終盤に失速した原因は?

 30km過ぎまでは日本記録を上回る超高速レースを見せた吉田響だが、終盤は力尽きた。元マラソン日本記録保持者である日本陸連の高岡寿成マラソン担当シニアディレクターは吉田の走りをこう分析した。

「吉田選手がペースメーカーの前を走るシーンを眺めていて、このまま行けるんじゃないのか、という期待を抱きました。ただ、終盤にペースを落とすことになったのは、これからマラソンで成功していくために必要な経験になるでしょう。初マラソンということで、どのようなペース配分で42.195kmを走り切るのか。その感覚の読み違いがあったのかなと感じています」

 それでは終盤に大きく失速した原因はどこにあったのか。

 まずはフィニッシュ時に気温が20度近くまで上昇した「暑さ」が挙げられる。吉田は暑さを苦にしないタイプだが、前半でスペシャルドリンクを3度も取り損ねたのが痛かった。水分はゼネラルテーブルで摂取できるが、スペシャルドリンクには糖質などのエネルギー源が含まれているからだ。フィジカル面だけでなく、メンタル面でのダメージもあっただろう。
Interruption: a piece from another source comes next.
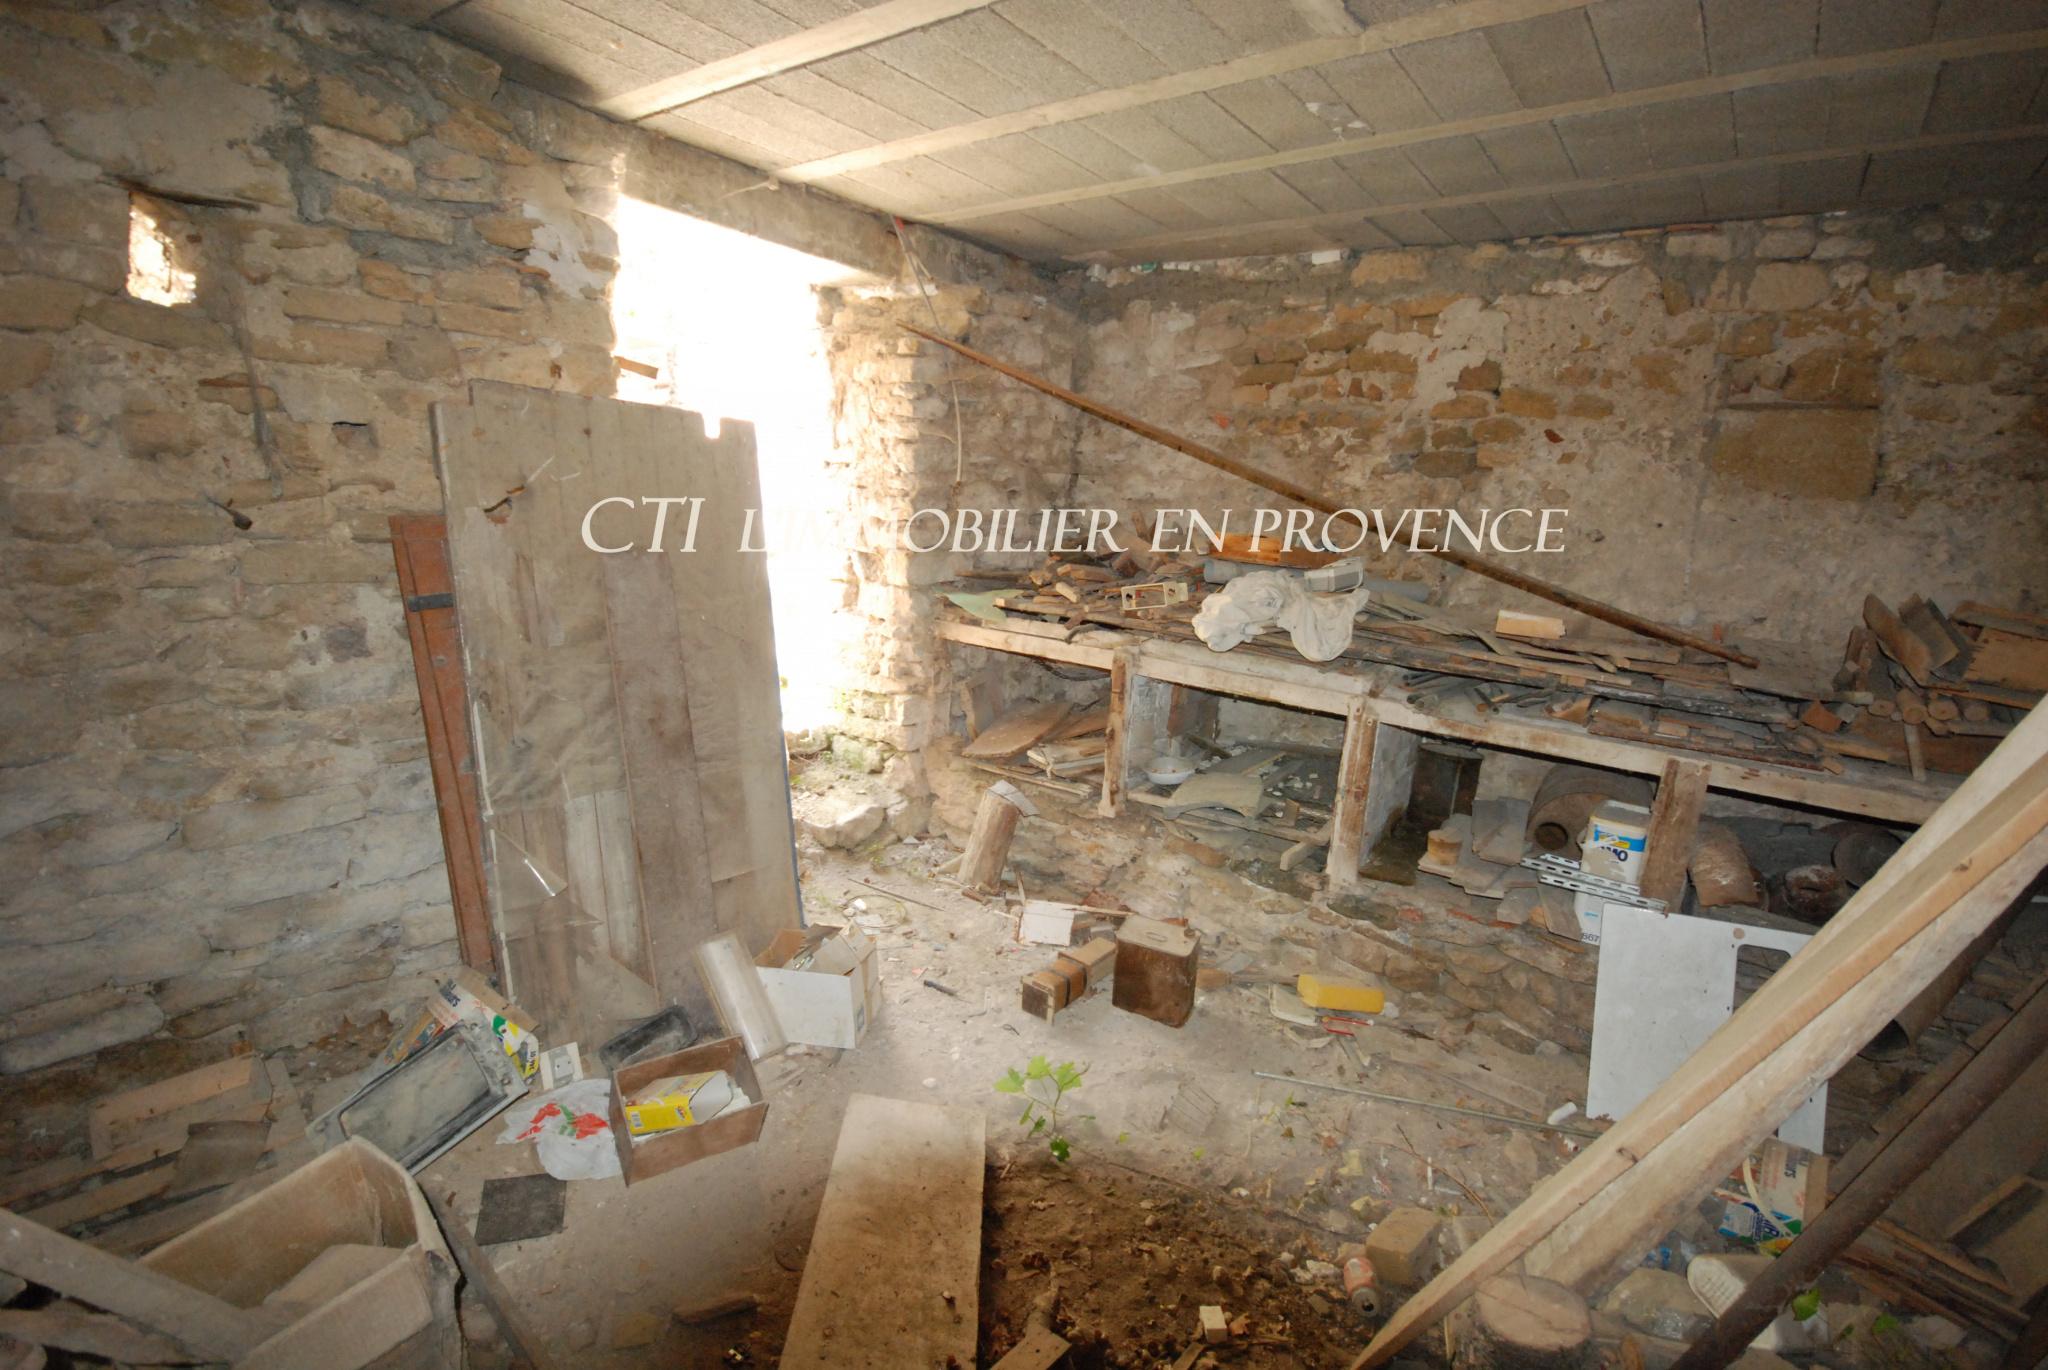 A VENDRE www.cti-provence.net  MAISON VILLAGE PIERRE A RENOVER VUE MONT VENTOUX 2 HAB COUR JARDIN

 それからペースメーカーの前に出るのが早すぎた。走るスピードが速くなるにつれ風(空気)の抵抗は高まっていく。そのため一人で走るより、集団のなかで走った方がエネルギー効率は良くなるからだ。もし30kmまで集団のなかでレースを進めていれば、終盤はぶっち切っていたかもしれない。また沿道の声援にジャスチャーで応えるなど余計な動きも気になった。

 小さな原因が積み重なって、終盤の大きなエネルギーロスになったと考えられる。

 救護室に直行した吉田に代わり、サンベルクスの田中正直総監督が取材に対応した。

「30kmまではペースメーカーについていく予定」だったが、「行けるんだったら行ってもいいよ」(瀧川大地コーチ)の指示もあり、リズムがうまく合わなかったために、「前半から独走したかたちかと思います」と話した。田中総監督は独走したレース展開に驚きながらも、ある程度は予想をしていた部分があったようだ。

 一方、「前半でスペシャルドリンクを取ることができていなかったのが心配でした」と不安が的中。「結果的にエネルギーが足りなくなり、この暑さでかなりの脱水症状になってしまった」と反省点を口にした。

 それでも、「初マラソンで脱水症状になりながら、2時間10分を切ったのはいいところ。次回はしっかり修正したなかでいい記録を出していきたい」と今回の失敗を生かしていきたい考えを示した。